You remember searching for your father with Blacklock, Ulfghar, Hander and Nado through the crumbling alleyways of the Tenderloin Quarter.  The discovery of Lyat Gault’s mangled and bloodied corpse in the old warehouse had been the worst shock, of course.  The blood had pooled about his bound legs and was being swarmed with rats.  The stench of death had been heavy in the air.  Your father had died terribly, tortured and cut to ribbons, nearly unrecognizable.  

And as they dragged you raging from the building, Joffer had made his appearance.  The twelve black-cloaked murderers about him conveyed his intention and you remember the pure rage that had burst free and taken over.  You had attacked instantly, blindly striking forth.  And your companions had fought too, desperately trying to avoid the whirring blades of these shadow-clad men.   You remember seeing Hander opened from neck to groin, his shriek another notch in your list of betrayals.  You never saw what happened to Blacklock.  But you know you’ll never hear his ribald jests again.  They ended that night as well.  

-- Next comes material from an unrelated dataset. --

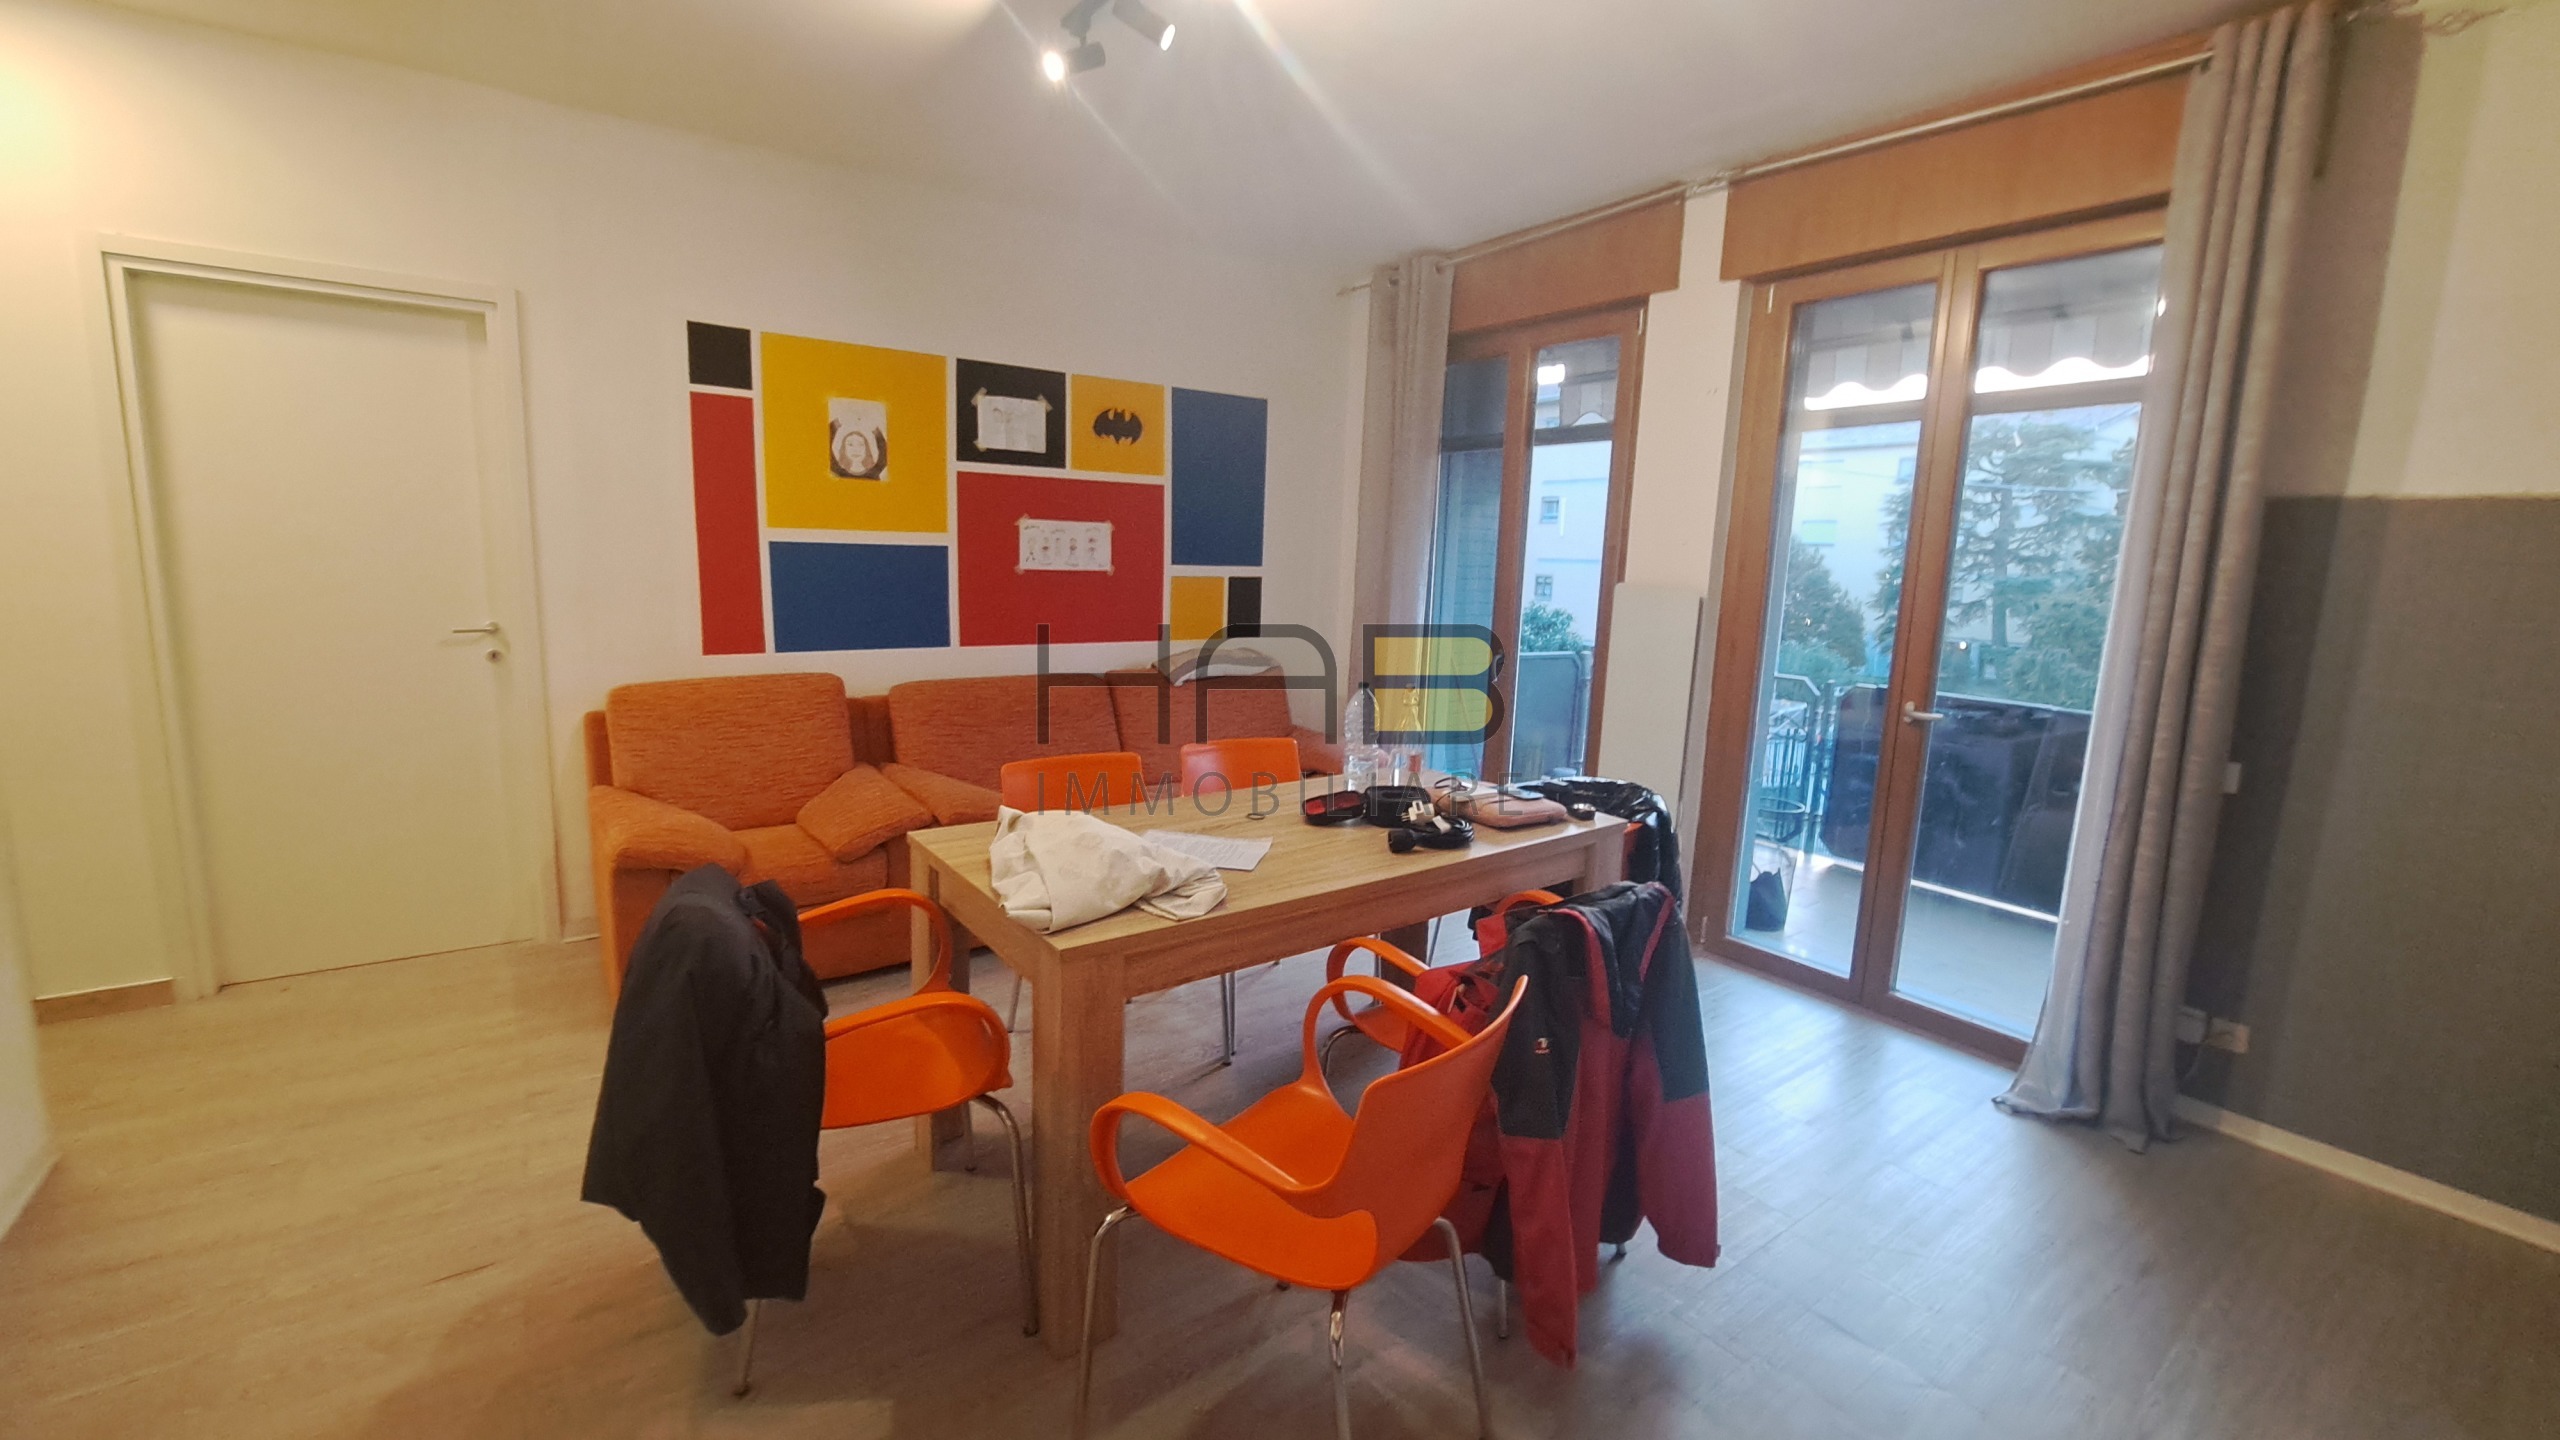 Appartamento ristrutturato in via maroncelli, Padova

And you remember the biting agony across your chest from Joffer’s blade, the Chofa poison already torturing your flesh, burning its way into your bloodstream.  You remember Joffer’s smiling eyes and his words to you as you began to die: “Just like your interfering father, whelp.  Never knew when to quit. Greet him for me at the Crone’s Gate.”   You remember also Nado’s whirling blade, driving him back when you finally, mercifully faded away.

The memories come back, unbidden every night, and they haunt your dreams._


----------



## GreyOne (Nov 11, 2003)

“If we tarry on the road today, my friends, we will be caught in a storm I think.  If we ride hard there was an inn at the crossroads with the Fel’juk Road.  I saw it on the map that Khuritsa showed me the day before our leavetaking,” says Nado.   

By mid afternoon, a light drizzle has begun, and as the leagues tick by you are sodden and cold.  No other soul plies the road this day.  On occasion you have seen distant villageholds and hillforts, mostly to the northeast,  obviously the domains of the minor lordlings who contest for the lands about the Bausslauch.  Finally leaving the outlying marshlands of Narlann to the south the road turns further northwest into rougher terrain.  By the fifth glass you enter a small valley south of the great Mouths of Merdolan.  The trail route joins a spritely stream flowing out of the hills ahead.  

You are struck by the wildness of the region: briar bushes line the sides of the road, and tangles of vine maples twist over the blackened stumps.  Toppled logs serve as beds for new trees in some areas.  With the onset of autumn, the leaves have started to turn to shades of red in the thin trees.   Its easy to see that many of the older trees appear scorched and many are deadfalls.  Many have also toppeled and vine maples twist over the blackened stumps.

Then you see it.  First a single column of smoke rising idly into the sky and then a building, a quarter league distant.  The trail leads towards it, the stream meandering beside.  Distantly, you see another path, more a road leading into the east and the west.  The Fal’Juk Road, no doubt.  The building looks relatively new, a two story affair built into a palisade wall made of upended logs.  There are no windows on the first floor that face outside the palisade, but there are ones within the inn itself.  A solid looking wooden gate stands open as you approach.  The smoke comes from the chimney.   The building is decidedly Engolthen in appearance, the rounded and peaked roof surrounded by carvings.


----------



## Ulfghar (Nov 11, 2003)

"Well men, I believe we have found our inn.  I'm not sure about the rest of you, but I know I'm past due for a few pints and a soft bed" states Ulfghar.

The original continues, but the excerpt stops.